The UK property market has pushed way beyond the limits of many first-time buyers with prices rising faster than average incomes. As a consequence many people are now looking towards shared ownership which effectively means they live in a property but ownership is split between themselves and a housing association, or other third party. This sounds something of a tricky situation but in reality it is fairly straightforward although there are both positive and negative aspects to take into consideration.
Buying a shared property
There are many housing associations and mortgage providers willing to participate in the shared property arena. Indeed the UK government has been pushing shared ownership of properties for some time now and this is something of a developed/developing market. The idea is that those who cannot afford to buy a property out right will be able to take a stake of for example 25% or 50% with the balance held by a housing association.

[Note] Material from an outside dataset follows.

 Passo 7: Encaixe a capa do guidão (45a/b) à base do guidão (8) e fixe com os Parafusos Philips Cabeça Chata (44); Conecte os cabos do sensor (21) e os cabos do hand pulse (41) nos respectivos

This is where the figures start to get a little more complicated because the individuals will need to put down a deposit and obtain a mortgage for their share of the property. They will also need to pay a “rent” to the housing association for the percentage of the property they do not own. So, in the early days individuals will be paying part mortgage and part rent.

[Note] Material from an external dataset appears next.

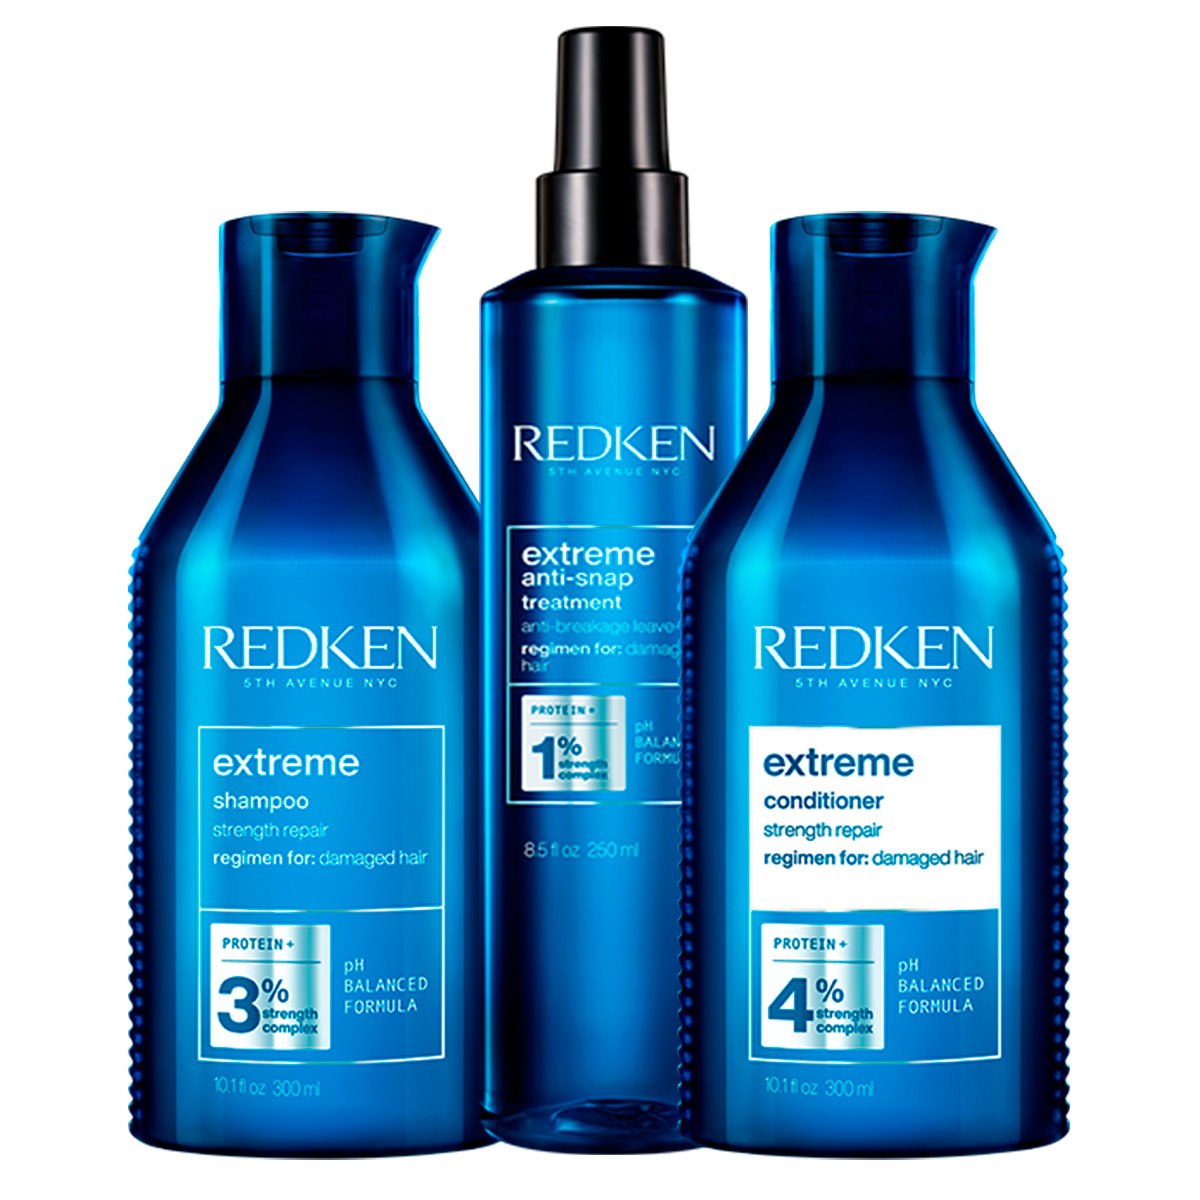 Redken Набор: Восстанавливающий шампунь для ослабленных и поврежденных волос, 300 мл + Восстанавливающий кондиционер для ослабленных и поврежденных волос, 300 мл + Несмываемый уход Anti-snap, 250 мл (Redken, Уход за волосами) hair company шампунь уход keratin care shampoo с кератином 250 мл

How do the figures stack up?
There are many elements to take into consideration but at this moment in time, with UK base rates relatively low, it may be possible to take a part share in a property and pay less in mortgage and part rental payments than you would for a full mortgage. The margins are fairly thin and they will obviously depend upon the individuals and the mortgage arrangement they are able to agree – not to mention the rental rates in their area.
The idea is that as individuals increase their own earnings they will then be able to buy further shares in their property. This would obviously result in an increase in their mortgage payments but reduction in their share of rent to the housing association. There is some concern that rental figures in these particular arrangements are often towards the top end of the local rental rates. It is also worth noting that when you buy further shares in your property the property itself will be revalued at the time of the transaction.
Selling a shared property
If you ever needed to sell your share of a shared property the situation is perhaps not as fluid and helpful as it could be. Under the current guidelines you will need to give the housing association eight weeks to market the property after which time you can attempt to sell your own share on the open market. These delays are obviously not helpful especially if you are struggling from a financial point of view and the markets are moving.
Shared property ownership in theory allows those who would otherwise not be able to afford a property to at least climb aboard the ladder. However, market movements, often strict tenancy rules and a need to increase your household income/savings to increase your share of a property can work for or against you. If you’re looking towards shared property you should take professional financial advice on your particular situation.